> [Goal of the exercise]:
The reply to the records below should contain exactly the lines from the line with "Leslie S Cake" through the line with "top 10 top northeast", and nothing besides.

> [Source information]:
____
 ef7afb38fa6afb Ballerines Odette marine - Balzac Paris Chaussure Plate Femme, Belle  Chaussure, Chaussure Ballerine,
____
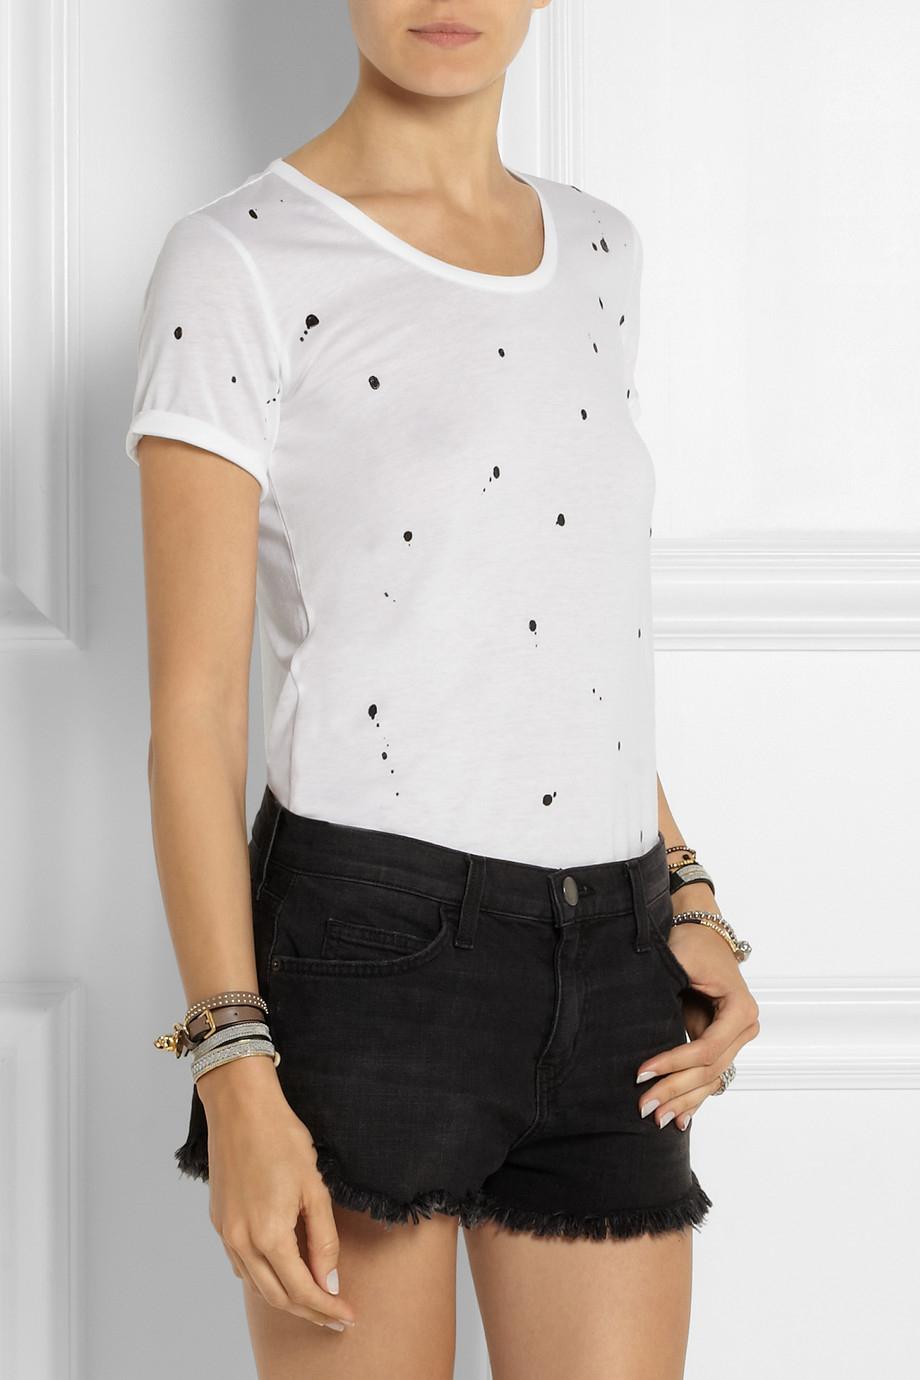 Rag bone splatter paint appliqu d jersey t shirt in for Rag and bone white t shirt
____
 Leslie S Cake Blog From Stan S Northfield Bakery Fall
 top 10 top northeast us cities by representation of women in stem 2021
____
> [Task response]:
 Leslie S Cake Blog From Stan S Northfield Bakery Fall
 top 10 top northeast us cities by representation of women in stem 2021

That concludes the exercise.